Start of Task inputs
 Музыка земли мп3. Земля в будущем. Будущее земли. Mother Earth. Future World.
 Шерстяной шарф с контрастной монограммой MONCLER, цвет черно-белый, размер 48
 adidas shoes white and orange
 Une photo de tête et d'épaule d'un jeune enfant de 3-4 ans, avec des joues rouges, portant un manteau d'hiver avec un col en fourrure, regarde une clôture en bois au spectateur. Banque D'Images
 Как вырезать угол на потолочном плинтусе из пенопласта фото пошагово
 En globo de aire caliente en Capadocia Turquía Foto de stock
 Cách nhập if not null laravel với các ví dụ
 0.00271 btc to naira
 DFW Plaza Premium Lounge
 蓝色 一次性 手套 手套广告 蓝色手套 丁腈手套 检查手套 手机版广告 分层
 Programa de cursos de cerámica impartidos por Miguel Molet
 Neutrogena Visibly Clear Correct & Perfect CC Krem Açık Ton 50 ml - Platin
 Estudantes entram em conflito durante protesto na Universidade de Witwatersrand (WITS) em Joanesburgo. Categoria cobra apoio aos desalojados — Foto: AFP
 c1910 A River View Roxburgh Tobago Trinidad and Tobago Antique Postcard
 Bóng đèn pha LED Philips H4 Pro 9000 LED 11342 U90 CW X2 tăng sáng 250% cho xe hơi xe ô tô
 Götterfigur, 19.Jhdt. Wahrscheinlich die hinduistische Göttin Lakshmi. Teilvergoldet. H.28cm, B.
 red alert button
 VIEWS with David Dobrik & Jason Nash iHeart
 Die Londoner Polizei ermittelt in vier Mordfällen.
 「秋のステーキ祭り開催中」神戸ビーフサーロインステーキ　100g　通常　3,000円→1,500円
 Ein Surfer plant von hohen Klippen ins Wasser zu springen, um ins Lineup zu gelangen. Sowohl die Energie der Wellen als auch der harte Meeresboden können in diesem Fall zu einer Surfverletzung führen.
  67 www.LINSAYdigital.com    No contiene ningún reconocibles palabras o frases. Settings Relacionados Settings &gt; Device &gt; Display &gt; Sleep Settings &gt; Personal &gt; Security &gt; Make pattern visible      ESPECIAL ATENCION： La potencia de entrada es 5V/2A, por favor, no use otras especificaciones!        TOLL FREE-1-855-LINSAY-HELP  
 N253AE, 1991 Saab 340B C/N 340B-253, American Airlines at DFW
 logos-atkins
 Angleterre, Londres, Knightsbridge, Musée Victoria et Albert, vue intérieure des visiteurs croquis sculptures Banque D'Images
End of Task inputs
**The task:**
Beginning at the line where "adidas shoes white and orange" appears, extract each line through the end of the data above; keep them exact and include nothing else.

**Task answer:**
 adidas shoes white and orange
 Une photo de tête et d'épaule d'un jeune enfant de 3-4 ans, avec des joues rouges, portant un manteau d'hiver avec un col en fourrure, regarde une clôture en bois au spectateur. Banque D'Images
 Как вырезать угол на потолочном плинтусе из пенопласта фото пошагово
 En globo de aire caliente en Capadocia Turquía Foto de stock
 Cách nhập if not null laravel với các ví dụ
 0.00271 btc to naira
 DFW Plaza Premium Lounge
 蓝色 一次性 手套 手套广告 蓝色手套 丁腈手套 检查手套 手机版广告 分层
 Programa de cursos de cerámica impartidos por Miguel Molet
 Neutrogena Visibly Clear Correct & Perfect CC Krem Açık Ton 50 ml - Platin
 Estudantes entram em conflito durante protesto na Universidade de Witwatersrand (WITS) em Joanesburgo. Categoria cobra apoio aos desalojados — Foto: AFP
 c1910 A River View Roxburgh Tobago Trinidad and Tobago Antique Postcard
 Bóng đèn pha LED Philips H4 Pro 9000 LED 11342 U90 CW X2 tăng sáng 250% cho xe hơi xe ô tô
 Götterfigur, 19.Jhdt. Wahrscheinlich die hinduistische Göttin Lakshmi. Teilvergoldet. H.28cm, B.
 red alert button
 VIEWS with David Dobrik & Jason Nash iHeart
 Die Londoner Polizei ermittelt in vier Mordfällen.
 「秋のステーキ祭り開催中」神戸ビーフサーロインステーキ　100g　通常　3,000円→1,500円
 Ein Surfer plant von hohen Klippen ins Wasser zu springen, um ins Lineup zu gelangen. Sowohl die Energie der Wellen als auch der harte Meeresboden können in diesem Fall zu einer Surfverletzung führen.
  67 www.LINSAYdigital.com    No contiene ningún reconocibles palabras o frases. Settings Relacionados Settings &gt; Device &gt; Display &gt; Sleep Settings &gt; Personal &gt; Security &gt; Make pattern visible      ESPECIAL ATENCION： La potencia de entrada es 5V/2A, por favor, no use otras especificaciones!        TOLL FREE-1-855-LINSAY-HELP  
 N253AE, 1991 Saab 340B C/N 340B-253, American Airlines at DFW
 logos-atkins
 Angleterre, Londres, Knightsbridge, Musée Victoria et Albert, vue intérieure des visiteurs croquis sculptures Banque D'Images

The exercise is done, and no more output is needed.